Among the entries below, retype exactly the lines starting with the one with "1983 8th Annual Caroline’s Encampment" and going on through the one with "Floral Embossed Cotton", but not the pictures.

AVAILABLE DATA:
# # # # #

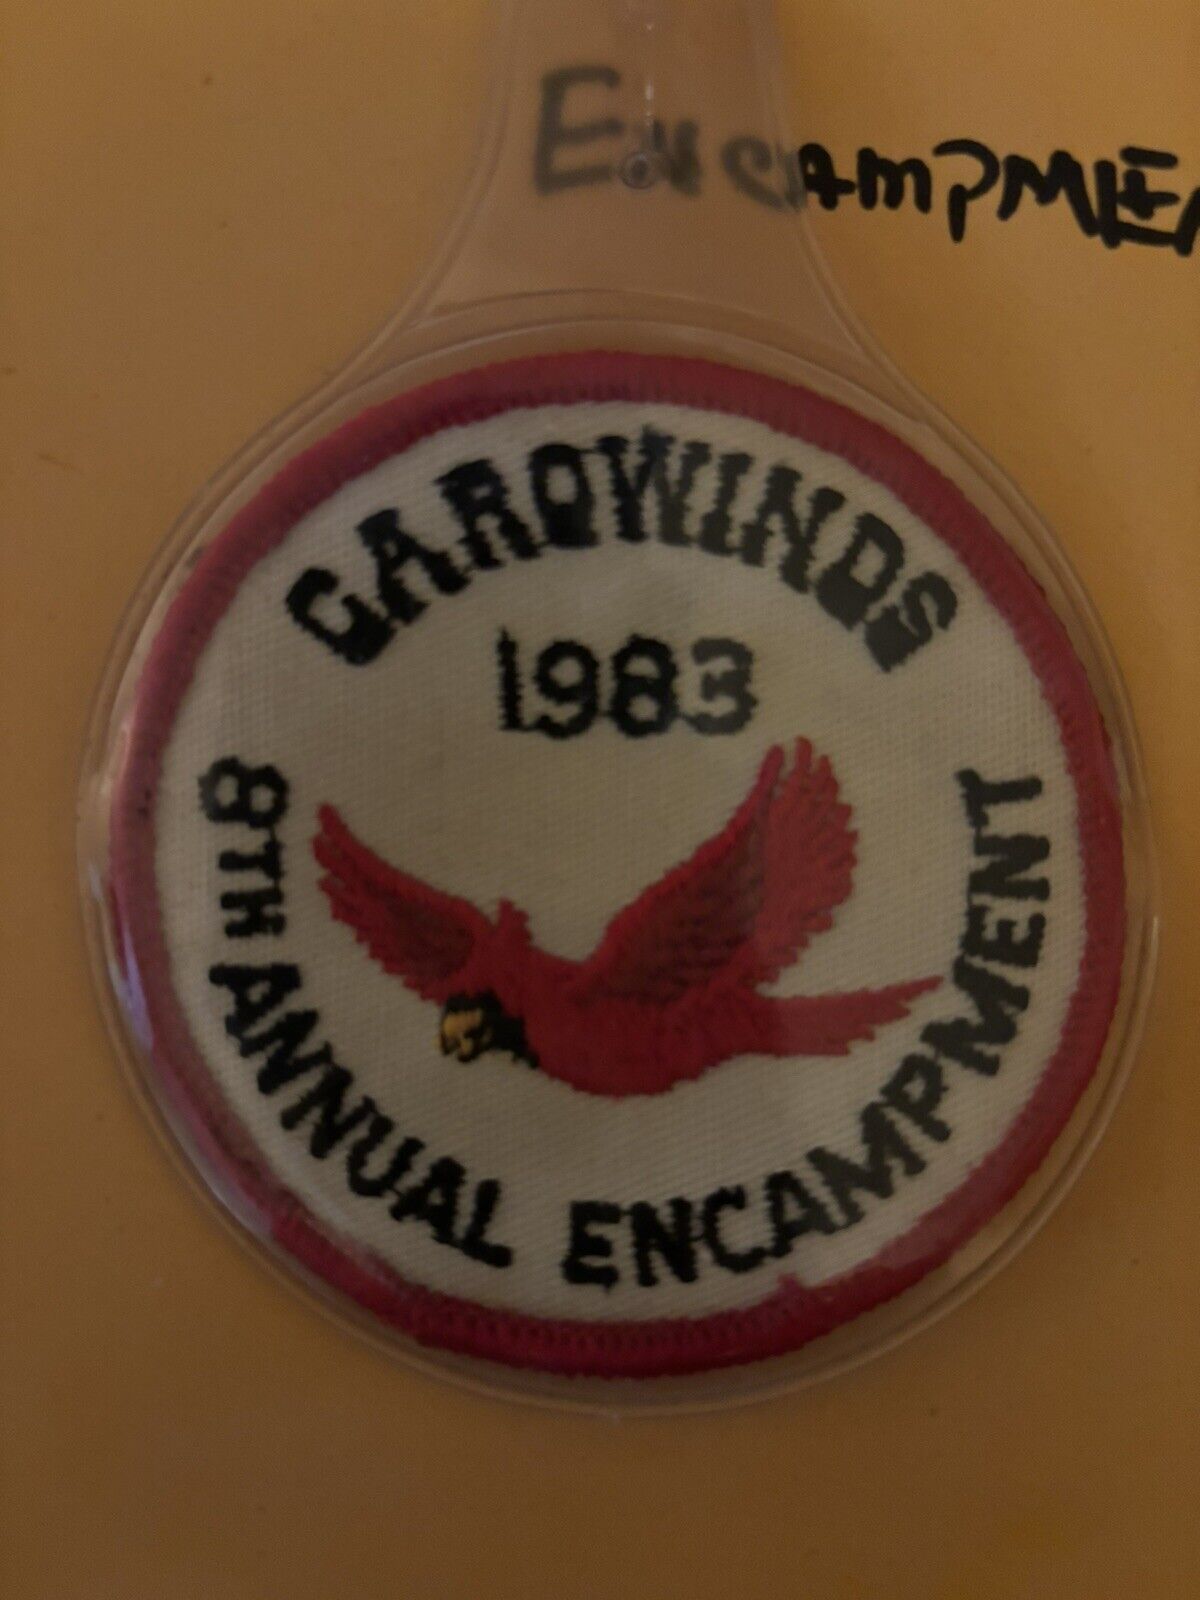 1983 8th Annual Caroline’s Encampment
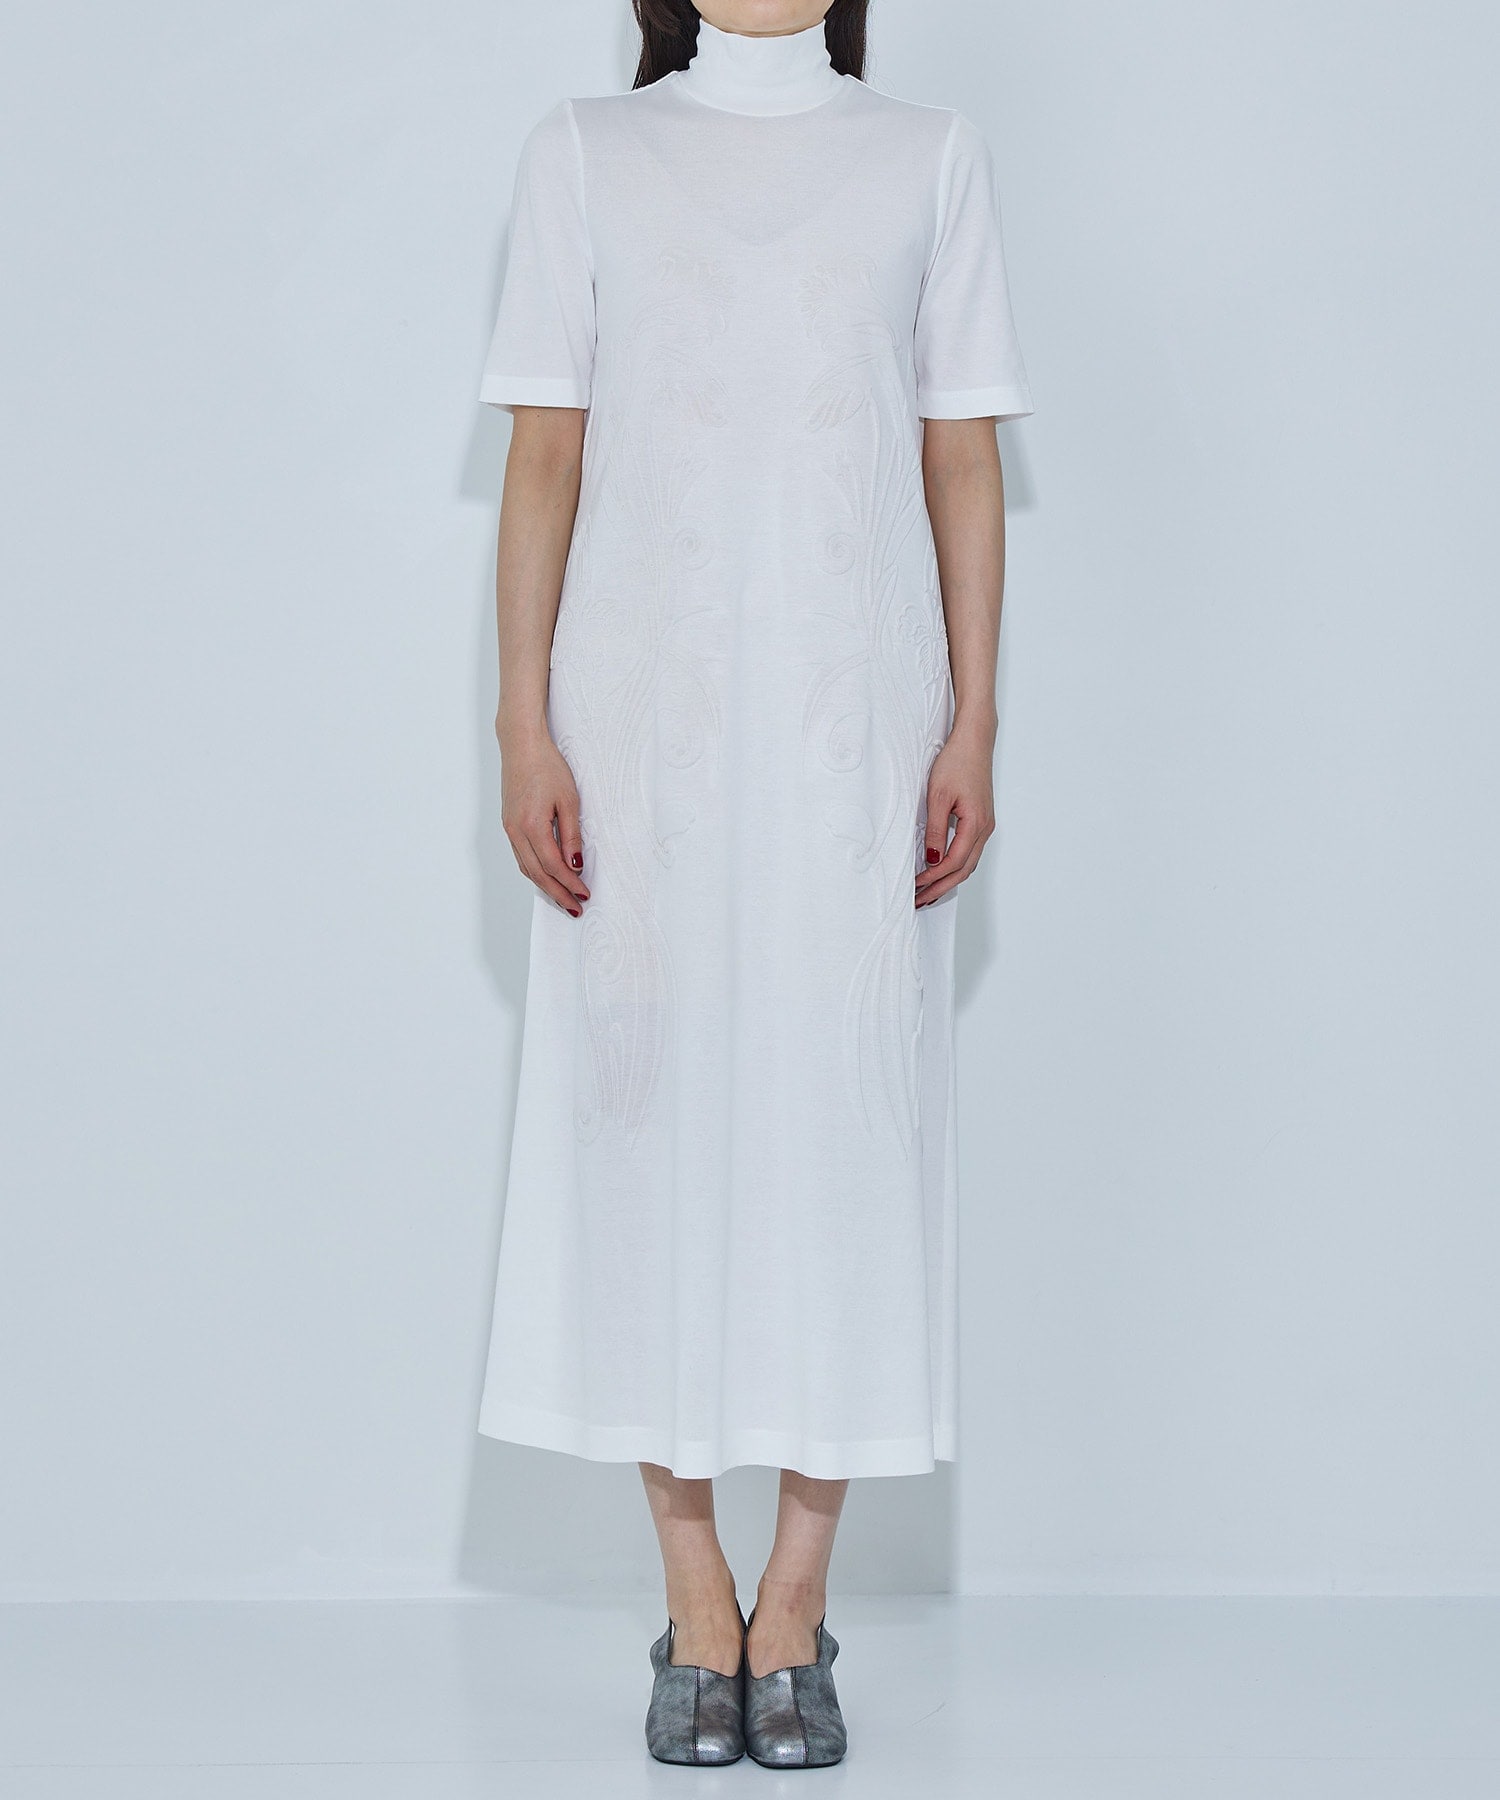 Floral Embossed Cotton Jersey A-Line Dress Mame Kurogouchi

# # # # #

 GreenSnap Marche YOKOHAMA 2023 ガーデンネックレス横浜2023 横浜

# # # # #

WRITTEN SOLUTION:
 1983 8th Annual Caroline’s Encampment
 Floral Embossed Cotton Jersey A-Line Dress Mame Kurogouchi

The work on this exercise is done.